Поэтому и решил привести эти документы. Первое, лицам до 18-и лет советую не читать. Второе, обратите внимание на гриф «секретно» документа ЦГА РУз, ф. И-461, оп. 1, д. 1788, л. 53-55. То есть, это не жареный факт какого-то журналиста, не пропагандистско-агитационный материал, а сообщение официального лица, не желающего его огласки, чтобы не возбуждать людей и общественное мнение, потому и наложившего гриф секретности.

«Секретно. Начальнику Туркестанского районного охранного Отделения. От чиновника для поручений Туркестанского районного охранного отделения ротмистра Юнгмейстера. 30 октября 1916 г. №17. Город Ташкент.

РАПОРТ.

Вследствие личного приказания Вашего Высокоблагородия доношу: Прибыв 3-го октября 1916 г., согласно предписанию Вашего от 25 сентября сего года за №4192, в город Верный в помощь ротмистру Железнякову, я получил от него предложение отправиться в город Пржевальск и Пржевальский уезд для выяснения причин и последствий восстания киргизов. … Мною было установлено, что во время восстания киргизы, вооруженные пиками и ружьями (в небольшом количестве), нападали на селения, избивали мужчин, старых женщин и детей, не могущих следовать за киргизами.

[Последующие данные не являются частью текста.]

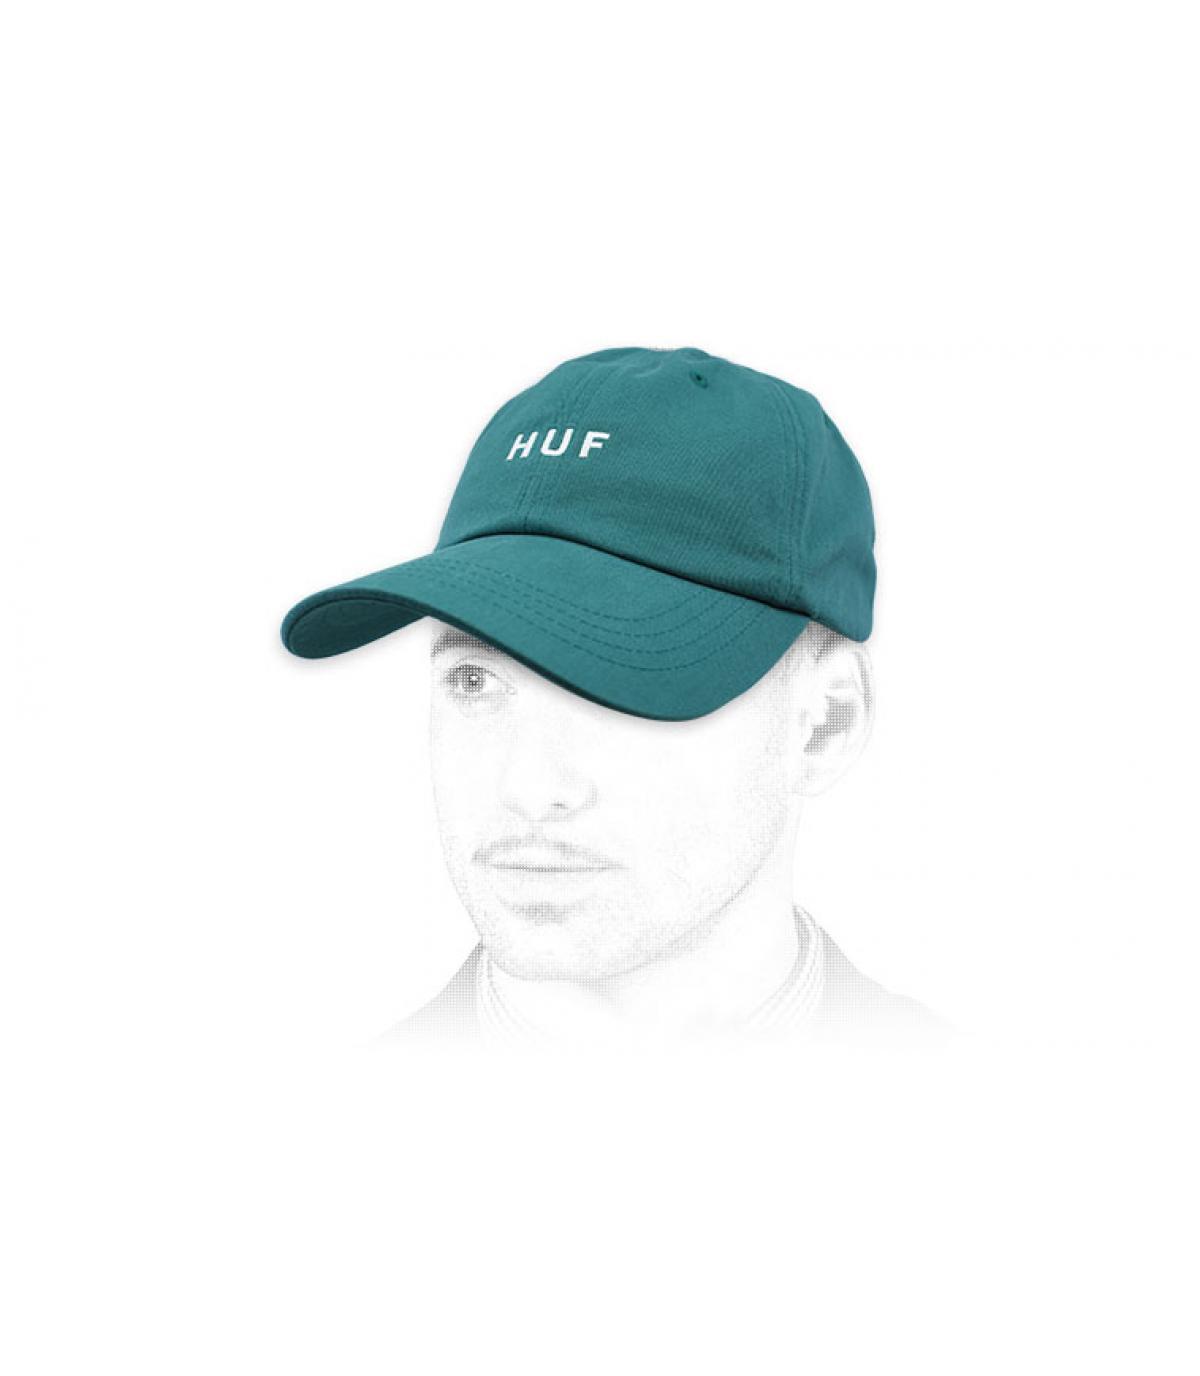 Huf blue cap
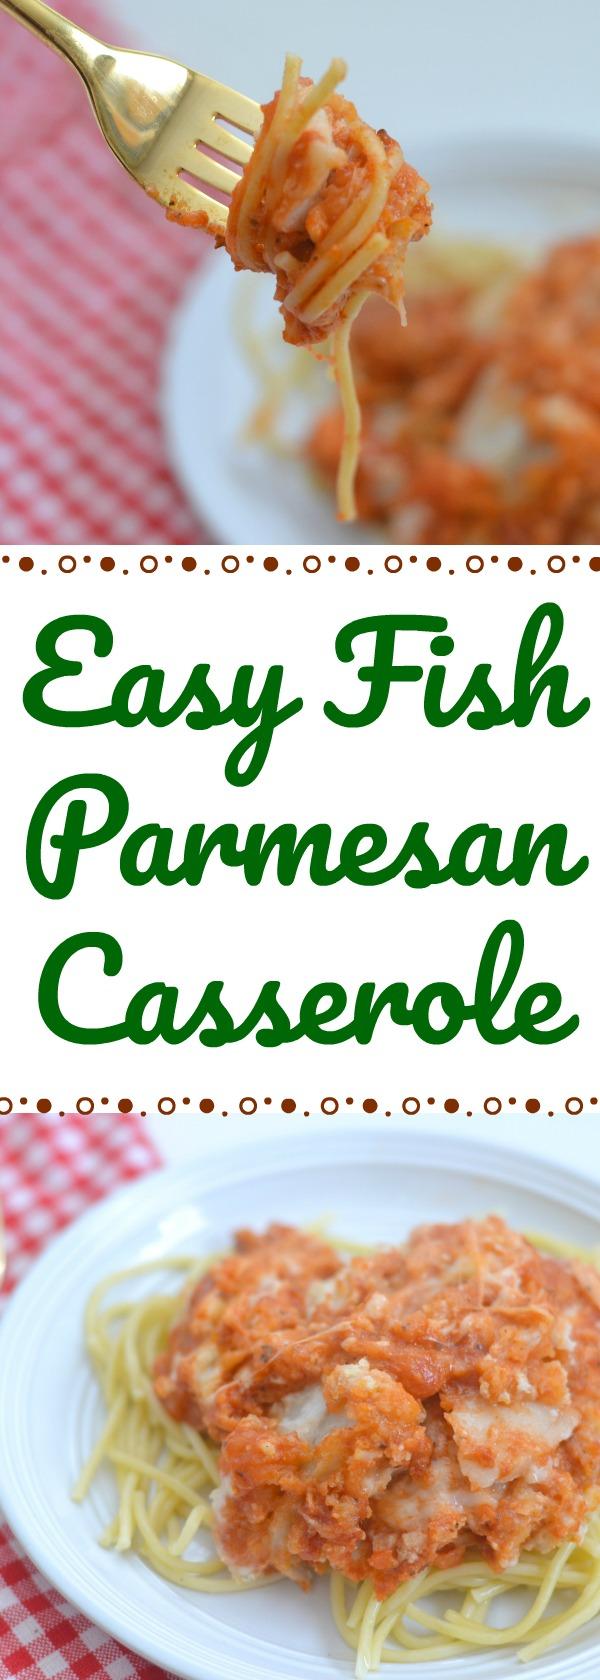 Easy Fish Parmesan Casserole recipe lent friendly, lent friendly fish recipes, lent friendly dinner recipes, easy dinner recipes, fish parm, easy fish Parmesan recipe, Easy Fish Parmesan Casserole

«Причем убийства сопровождались страшными зверствами: резали носы и уши, отрубали суставы пальцев, кисти рук и ступни и, когда оставалось одно туловище, приканчивали ударом топора в голову. Женщинам вырезали груди и половые органы, 4-х-5-илетних девочек насиловали на глазах матерей, а некоторым в промежность заколачивали колья. Младенцев резали на части. Мне лично приходилось видеть полуторагодовалых детей с пробитыми головами. У одной женщины только на лице было шесть нанесённых ран.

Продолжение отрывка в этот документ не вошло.